**What to do**
Run through the records and show each line that includes the string "este".
--- Material supplied ---
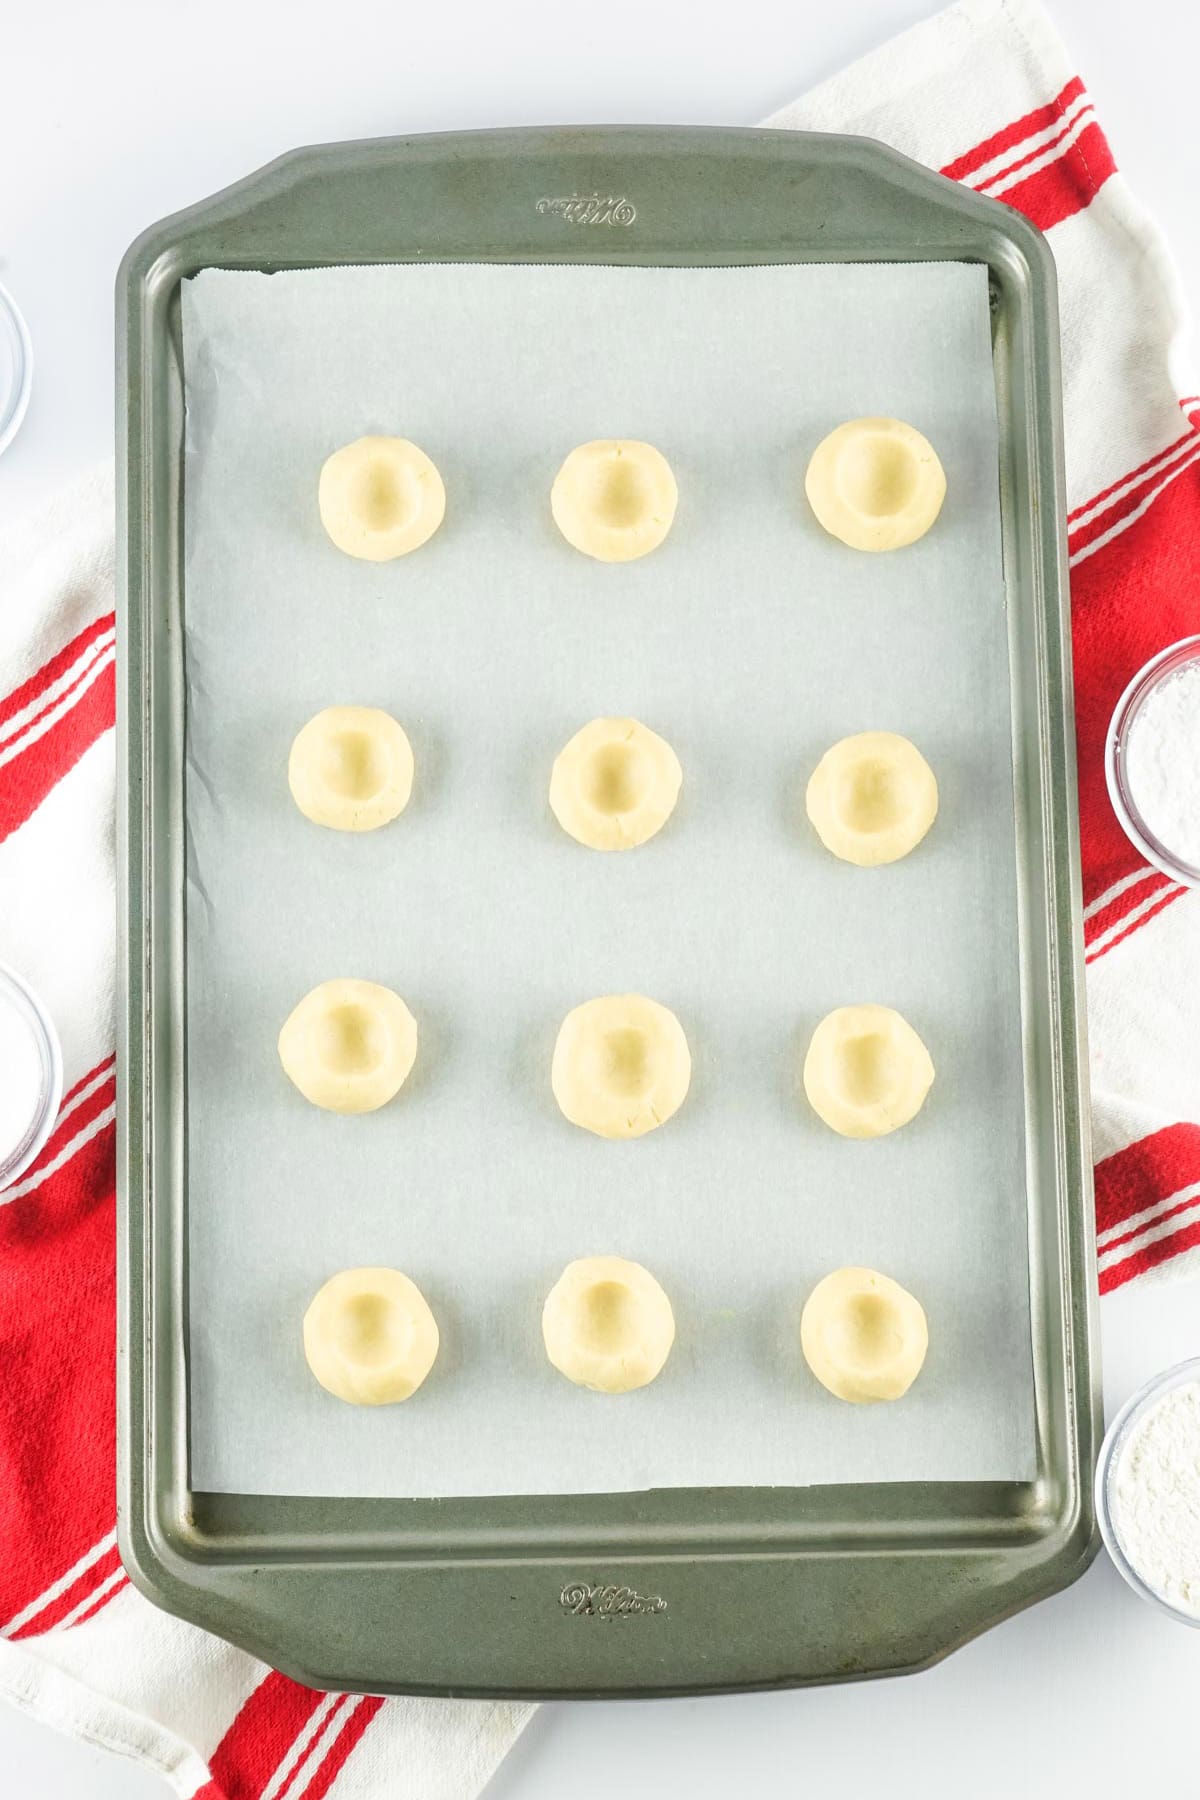 thumbprint cookies on a baking sheet
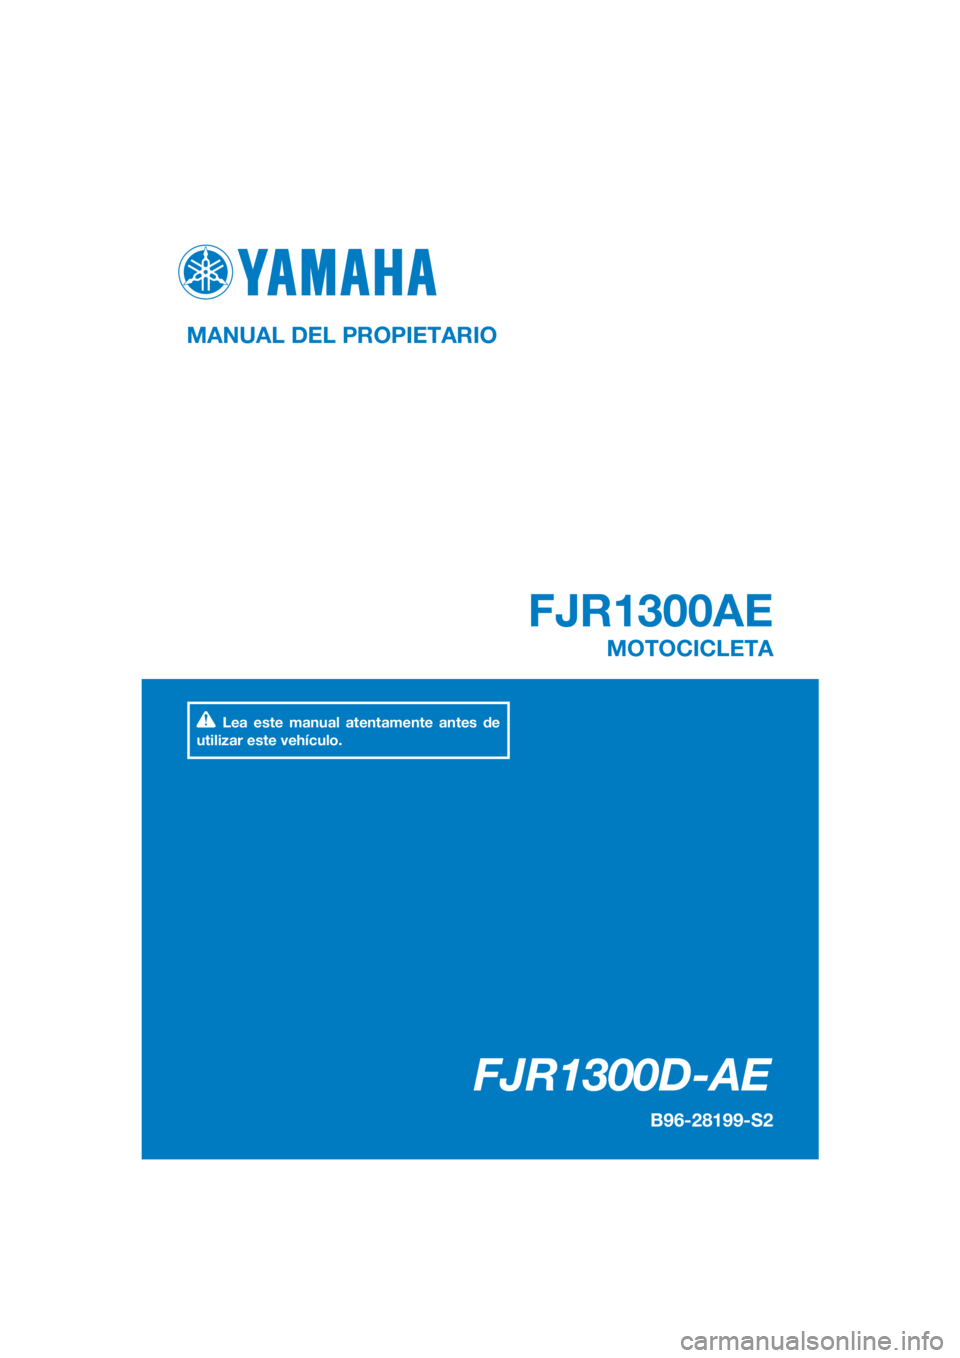 YAMAHA FJR1300AE 2020  Manuale de Empleo (in Spanish) DIC183
FJR1300D-AE
FJR1300AE
MANUAL DEL PROPIETARIO
B96-28199-S2
MOTOCICLETA
Lea este manual atentamente antes de 
utilizar este vehículo.
[Spanish  (S)] 
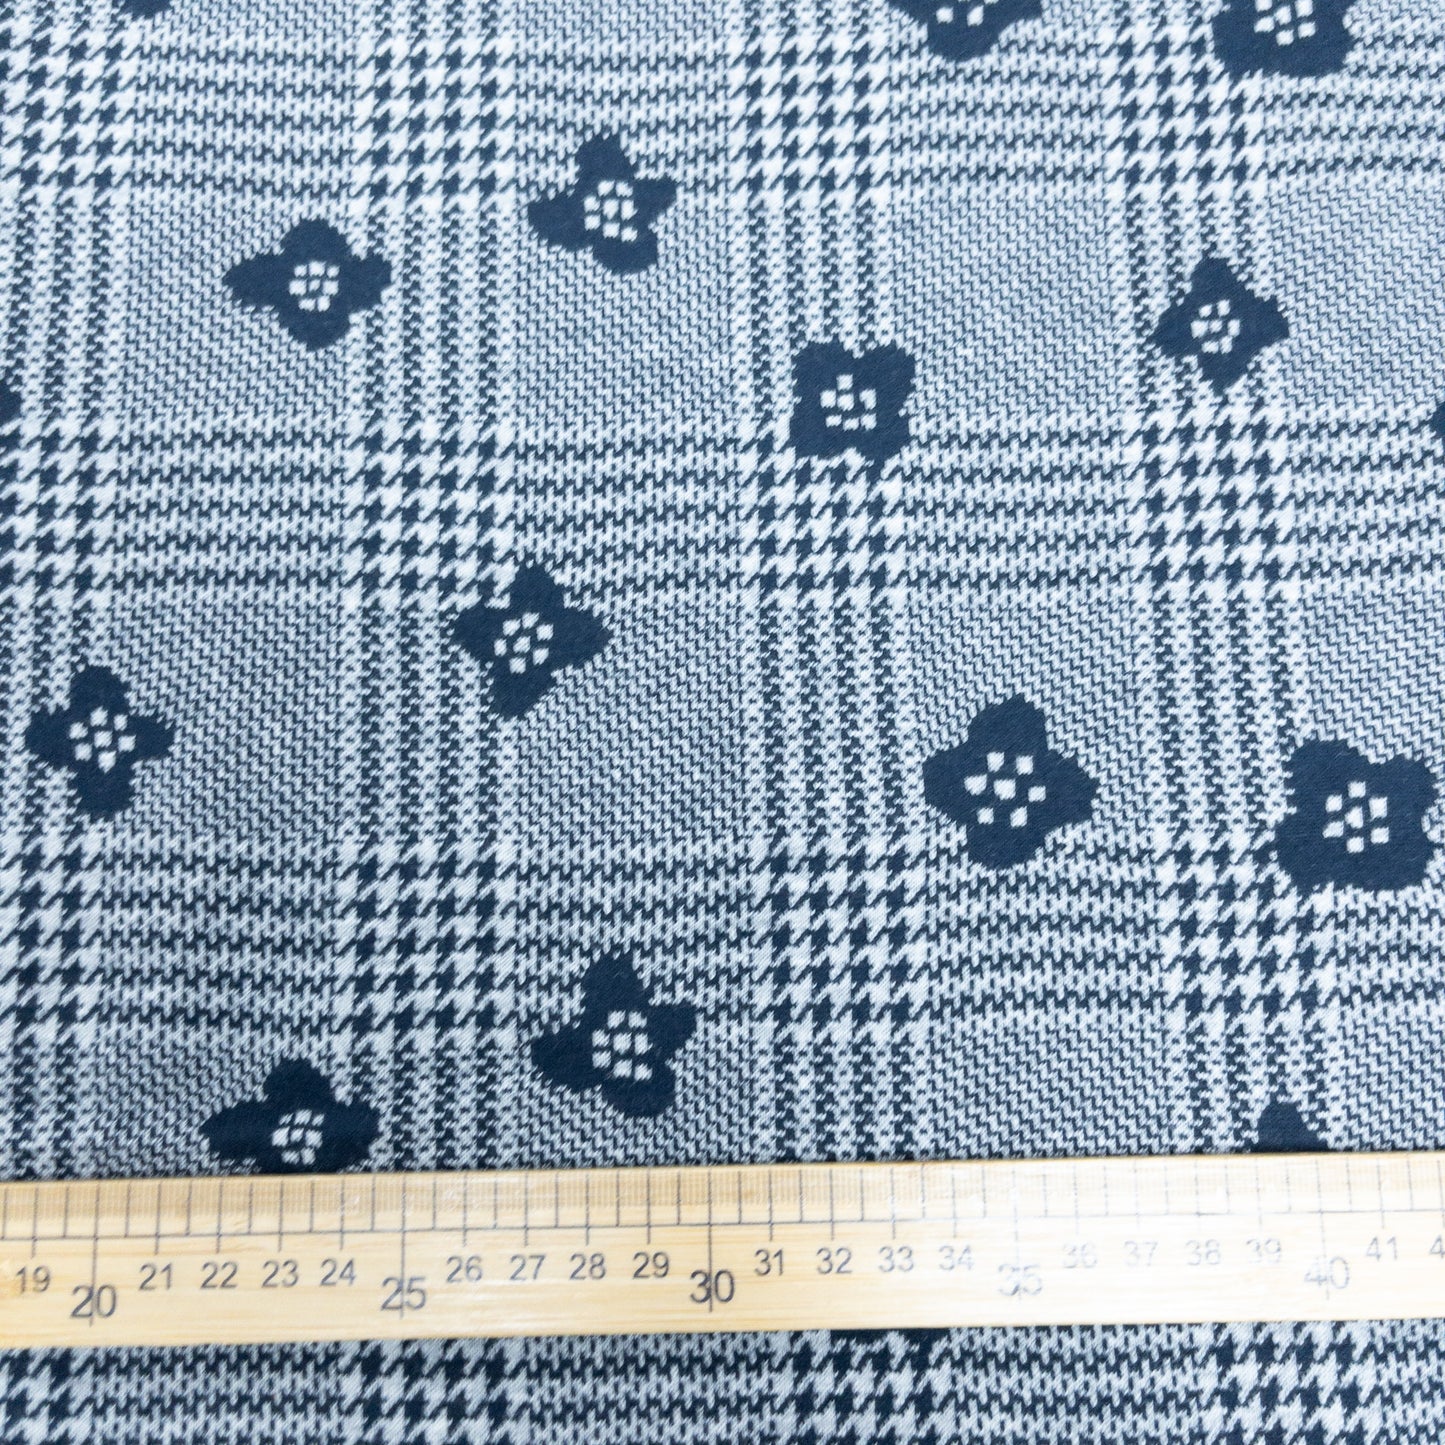 maffon | tartan floral navy gray 英倫格紋花卉 深藍+灰色 | cotton jacquard knit 雙面純棉提花針織 - 160cm
---
**Solution for this task**
Lea este manual atentamente antes de 
utilizar este vehículo.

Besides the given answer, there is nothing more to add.